Question

I'm struggling to understand the concept of Continuations (as used in Seaside with Smalltalk). A snippet from Wikipedia says:

"... refer to first-class continuations, which are constructs that give a programming language the ability to save the execution state at any point and return to that point at a later point in the program..."

Isn't this simply another way of expressing what an assembler programmer would do when programming an interrupt? Or have I completely missed the point!

Was it helpful?

Solution

A continuation can be seen as a snapshot copy of the running process. Capturing a continuation means that the current process is copied and put aside. After that, code continues to execute normally. Evaluating a continuation means that the current process is terminated and the copied one is resumed in exactly the state it was captured. Continuations can typically be resumed multiple times.

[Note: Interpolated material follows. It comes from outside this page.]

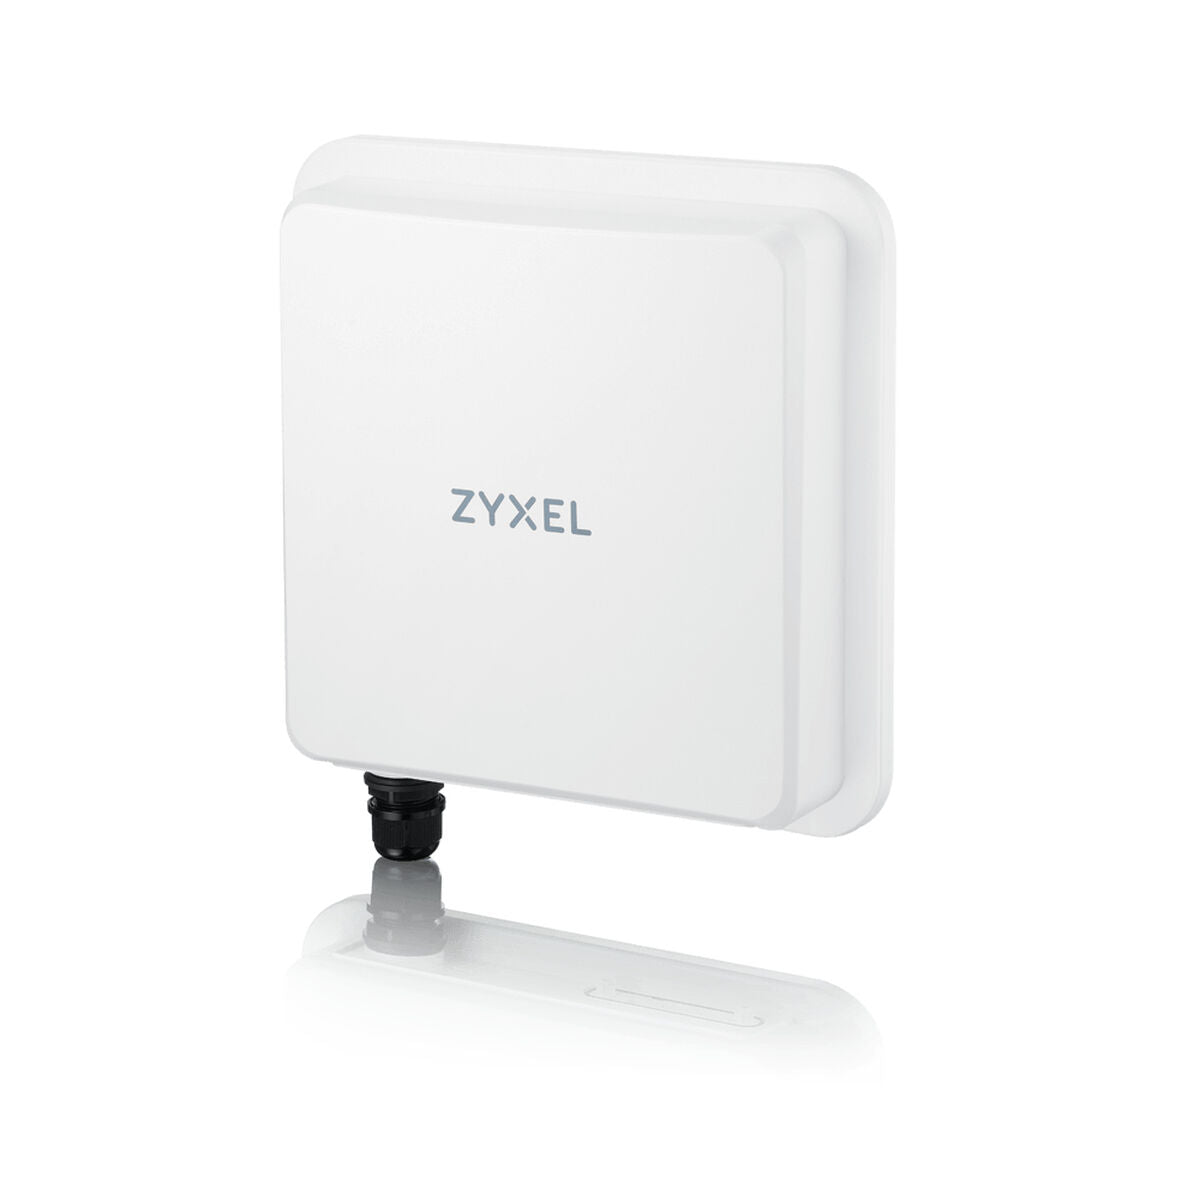 Router ZyXEL R707-M2, ZyXEL, Computing, Network devices, router-zyxel-r707-m2, Brand_ZyXEL, category-reference-2609, category-reference-2803, category-reference-2826, category-reference-t-19685, category-reference-t-19914, Condition_NEW, networks/wiring, Price_600 - 700, Teleworking, RiotNook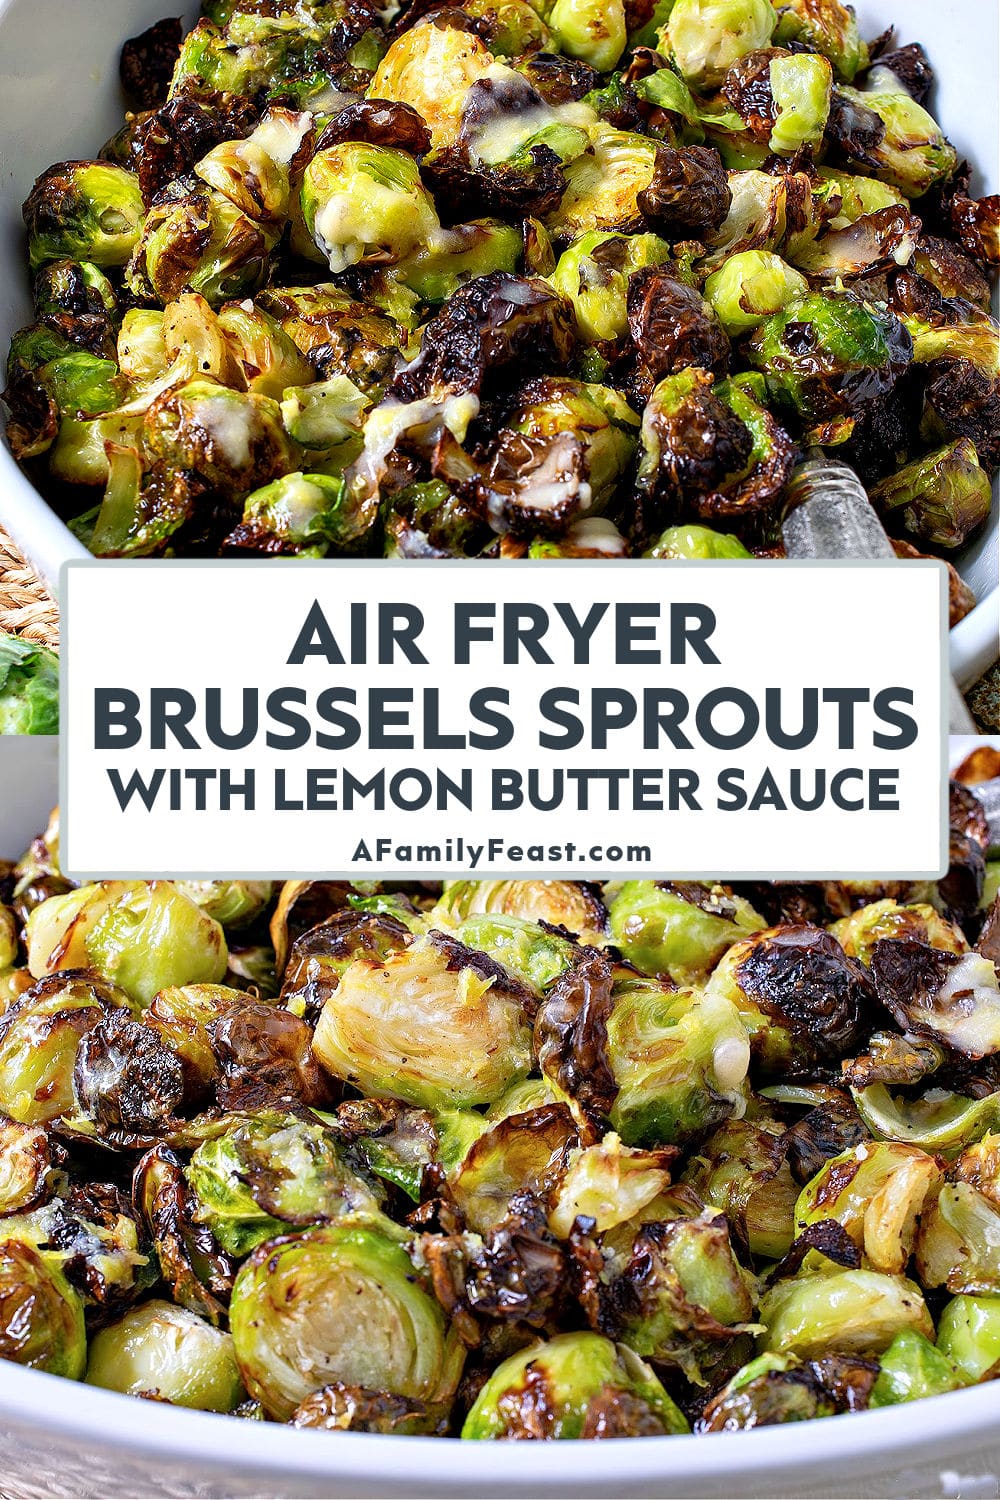 Air Fryer Brussels Sprouts with Lemon Butter Sauce - A Family Feast

An interrupt is more like a coroutine, where there are two different execution threads (application code, interrupt handler) that interleave each other.

OTHER TIPS

Continuations are roughly equivalent to setjump/longjump in C. You can expect your context be intact when you call the continuation (stack, flags, registers, instruction pointer and so on) after leaving it. So it is similar to a software interrupt call except you don't have to return (or more accurately, call the continuation) after the handler finishes and the continuation is not implicit.

In some ways they are similar. However, continuations are called by the program itself, and interrupts are usually generated by the CPU or devices on the computer. Also, an interrupt is more like a C signal, it is just called and then control returns to the program. The interrupt is responsible for saving state and restoring it afterwards.

Also, it should be noted that you can implement continuations quite easily in assembler.